We know form the list given by Michel, that ID125 is about 2550 CCRL 40/4' level on strong GPU at 1'+1'' (or its TCEC level at 1'+1''). I took several CCRL 40/4 1 core performances of TCEC participants there, they were in the 2900-3000 ballpark, with 2 of unknown 3000+ strength (newer versions, not listed in CCRL, above older 3000 rated). So, even conservative estimate is about 2950 single core CCRL 40/4 Elo level average. On 43 cores and 1.5 times stronger per core benchmark than CCRL, there are 7 doublings, or about 350 Elo points or more. So, TCEC engines (aside LC0) in TCEC conditions would come at 3300+ CCRL 40/4 list on average. LC0 ID125 is 2550 CCRL 40/4 at 1'+1'', I repeat.

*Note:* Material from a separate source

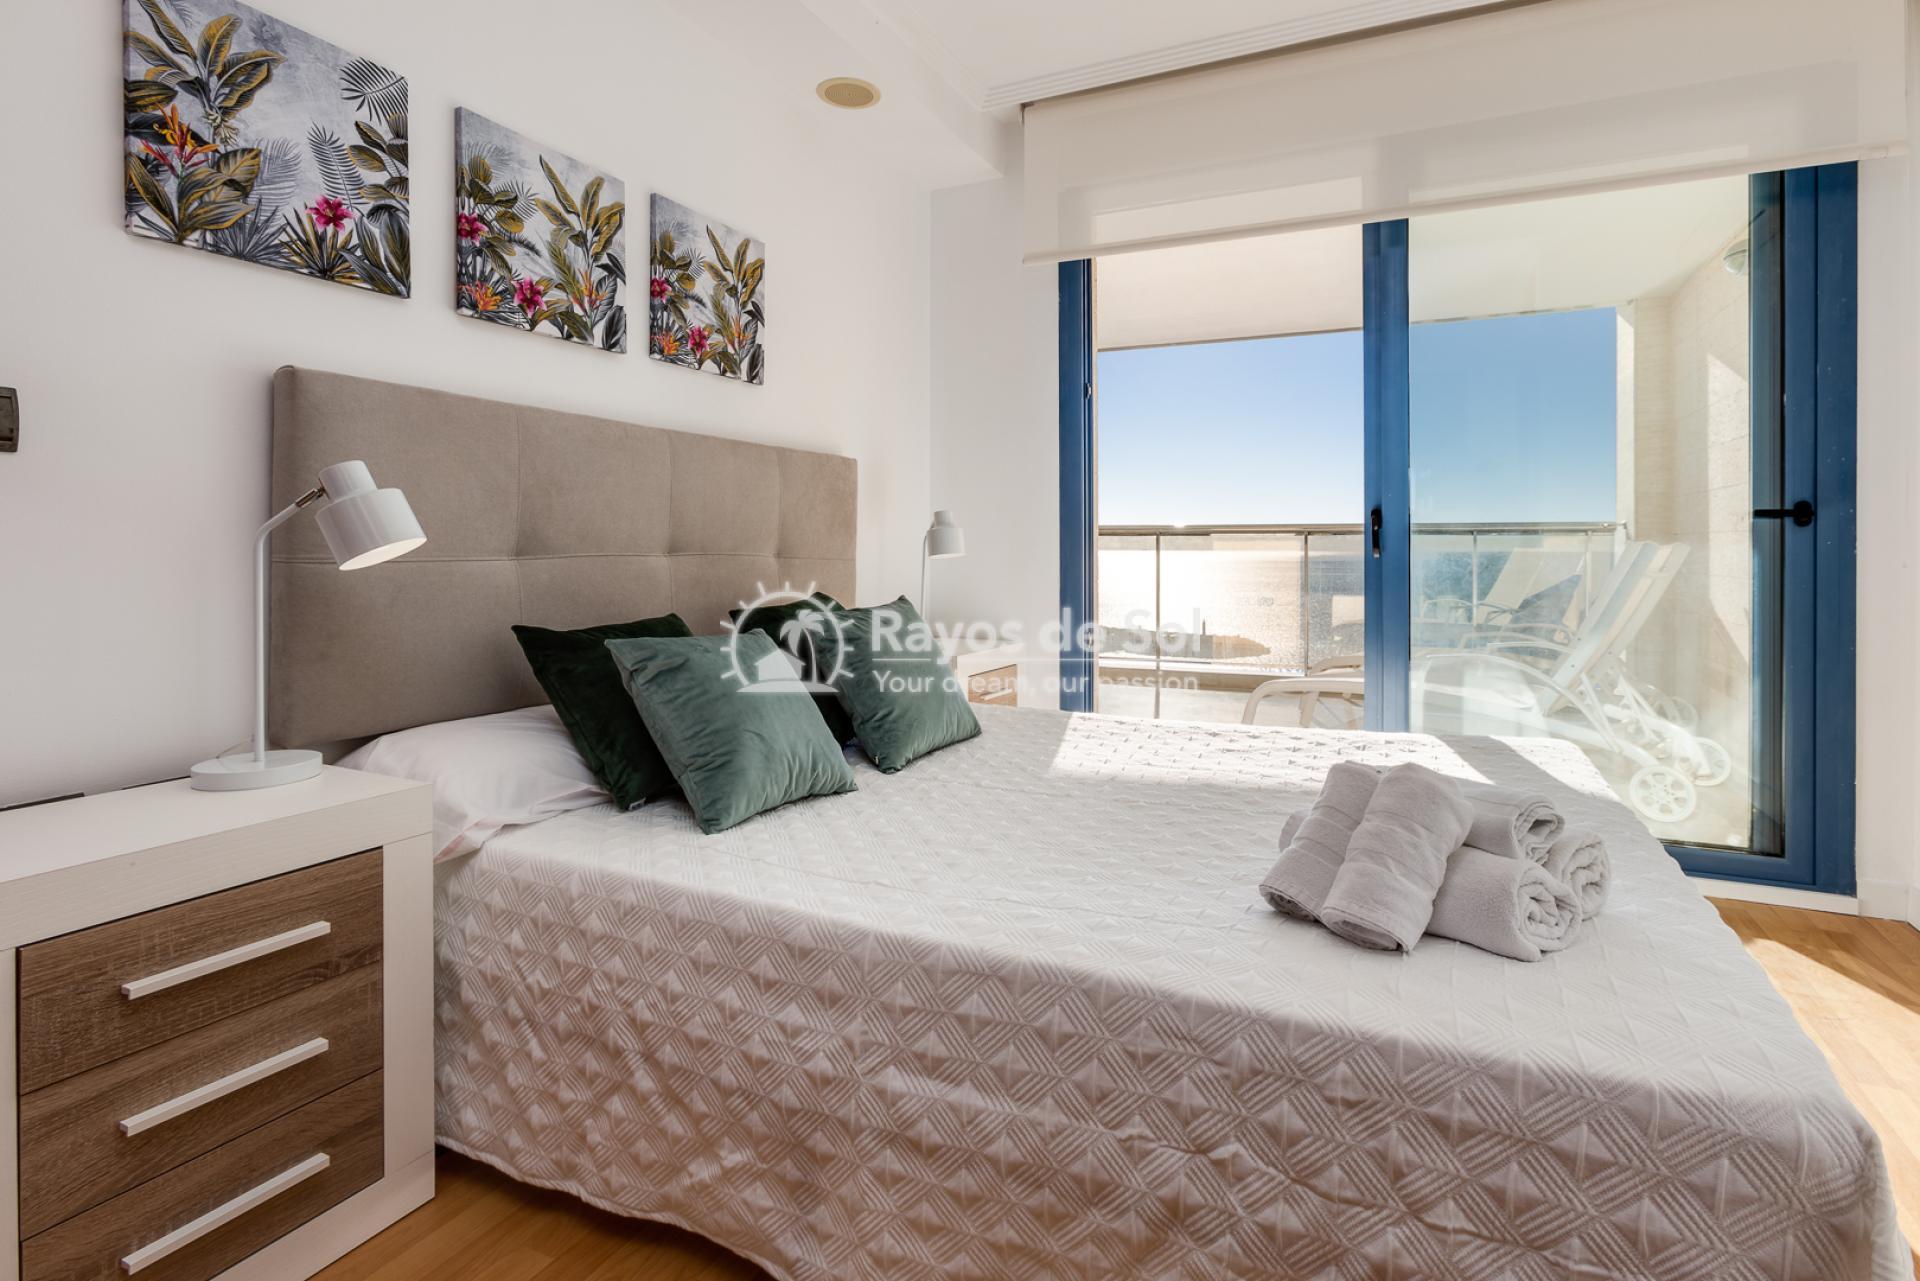 Turnekey first line apartments  in Altea, Costa Blanca (Alteabeach) - 31

Against 3300+ CCRL 40/4 Elo engines, LC0 is performing as 1 point out of 27 games, or 560 Elo points weaker. It performs at 2750+ Elo CCRL 40/4 level (compared to that 3300+ average)

So, from ID125 2550 Elo level (1'+1'') it does improve to 2750+ Elo level (TCEC 30'+10''), although errors are large (mainly from that 1/27 score). Improvement (better scaling than A/B engines) seems to be at least 200 Elo points at 30x time control, which is pretty normal (about 40+ Elo points from one doubling, I got 64 Elo points, but everywhere errors are large). Scaling seem fine.
User avatar
Laskos
Posts: 10948
Joined: Wed Jul 26, 2006 10:21 pm
Full name: Kai Laskos

Re: LCZero: Progress and Scaling. Relation to CCRL Elo

Post by Laskos »

Now (just tested ID184 in 200 games, it came as the strongest, but the error margins are pretty large), combining IDs 160 and 163 compared to combined 182 and 184, the progress is clear and significant, 50-60 +/- 30 Elo points. In just 3 days. The good work is going on, and there seem to be no additional large bugs with v0.7.

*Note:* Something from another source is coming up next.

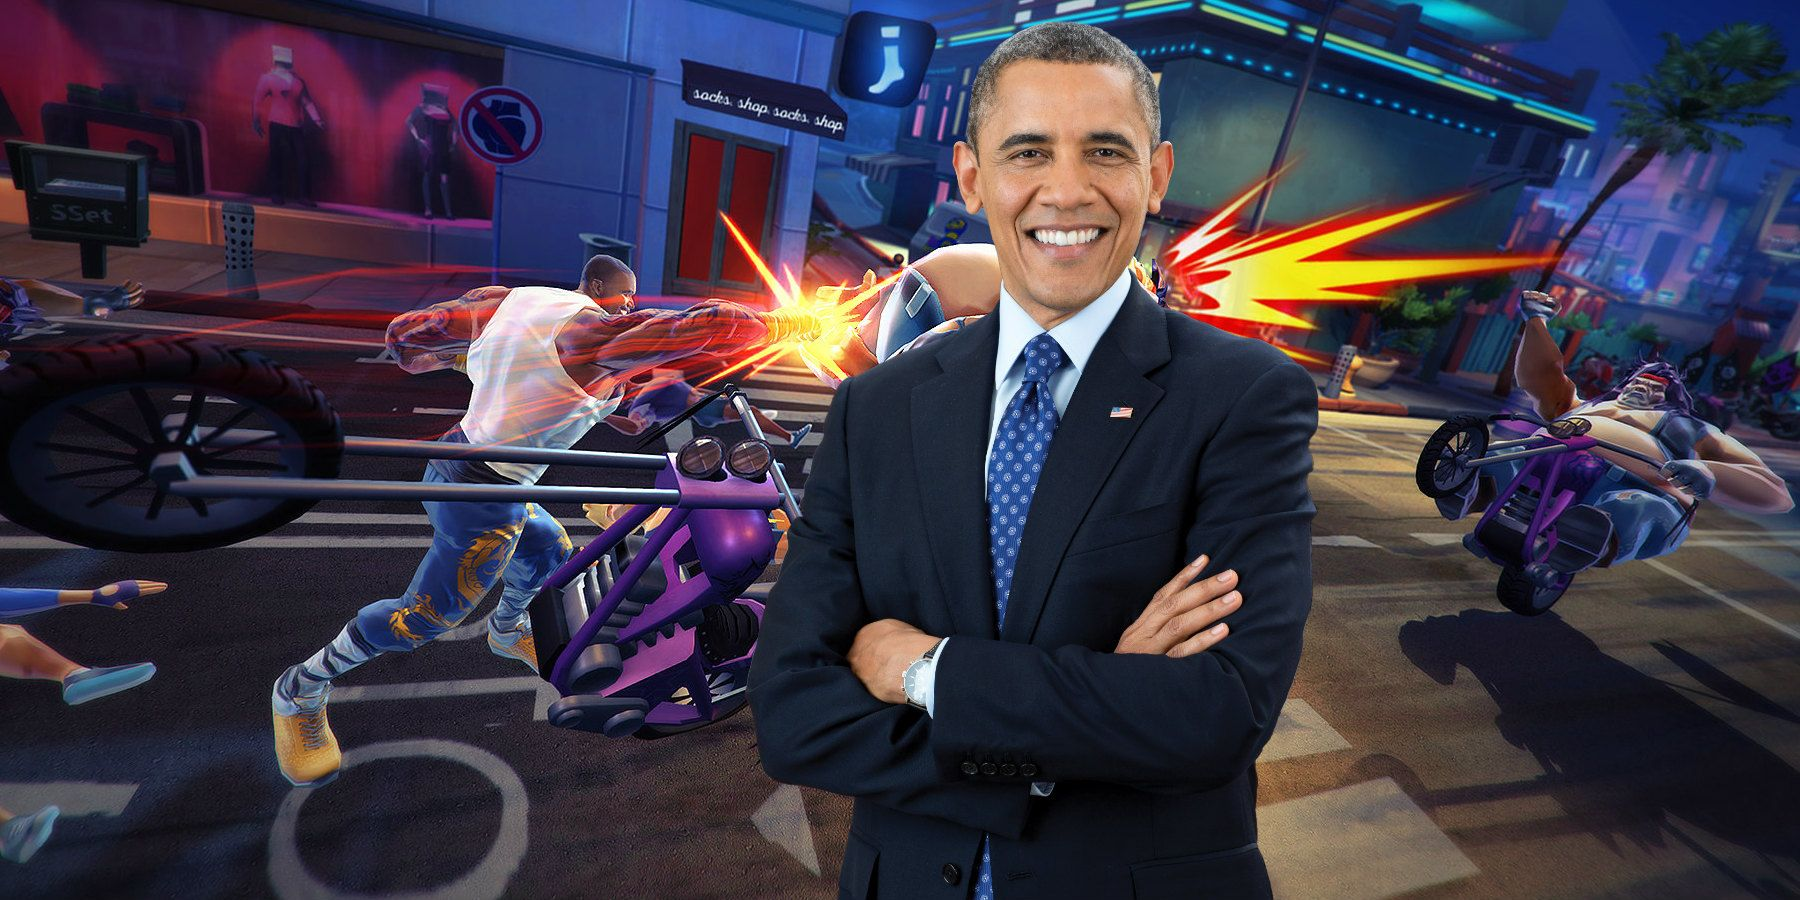 Shaq-Fu DLC Lets You Fight Kanye as Obama

I wanted to see the scaling with STS 1-15 (1500 position) "Strategic Test Suite". It still contains some tactics, and in my view is computer over-analyzed, but is a good guide to see the scaling in positional strength. So I performed tests at 1s/position and 4s/position with comparable in strength in these conditions LC0 on 4 cores and standard A/B engines Greko 6.5 (2330 CCRL) and Fruit 2.1 (2685 CCRl).

Greko 6.5
1s/position:
score=835/1500 [averages on correct positions: depth=4.4 time=0.10 nodes=231938]
4s/position:
score=888/1500 [averages on correct positions: depth=5.1 time=0.32 nodes=733864]
+53 points improvement

Fruit 2.1
1s/position:
score=1047/1500 [averages on correct positions: depth=4.2 time=0.08 nodes=173742]
4s/position:
score=1102/1500 [averages on correct positions: depth=5.1 time=0.28 nodes=637360]
+55 points improvement


LC0 ID182
1s/position:
score=767/1500 [averages on correct positions: depth=9.2 time=0.19 nodes=46]
4s/position:
score=949/1500 [averages on correct positions: depth=10.6 time=0.63 nodes=170]
+182 points improvement


LC0 is a completely different animal, it scales much better on STS than standard A/B engines.
JJJ
Posts: 1346
Joined: Sat Apr 19, 2014 1:47 pm

Re: LCZero: Progress and Scaling. Relation to CCRL Elo

Post by JJJ »

Thanks you Kai for running your test and confirming the progress. Any graph soon to have a better picture ?
Dann Corbit
Posts: 12541
Joined: Wed Mar 08, 2006 8:57 pm
Location: Redmond, WA USA

Re: LCZero: Progress and Scaling. Relation to CCRL Elo

Post by Dann Corbit »

That is a really interesting result.
I wonder if the marvelous scaling will hold with future generations.
Taking ideas is not a vice, it is a virtue. We have another word for this. It is called learning.
But sharing ideas is an even greater virtue. We have another word for this. It is called teaching.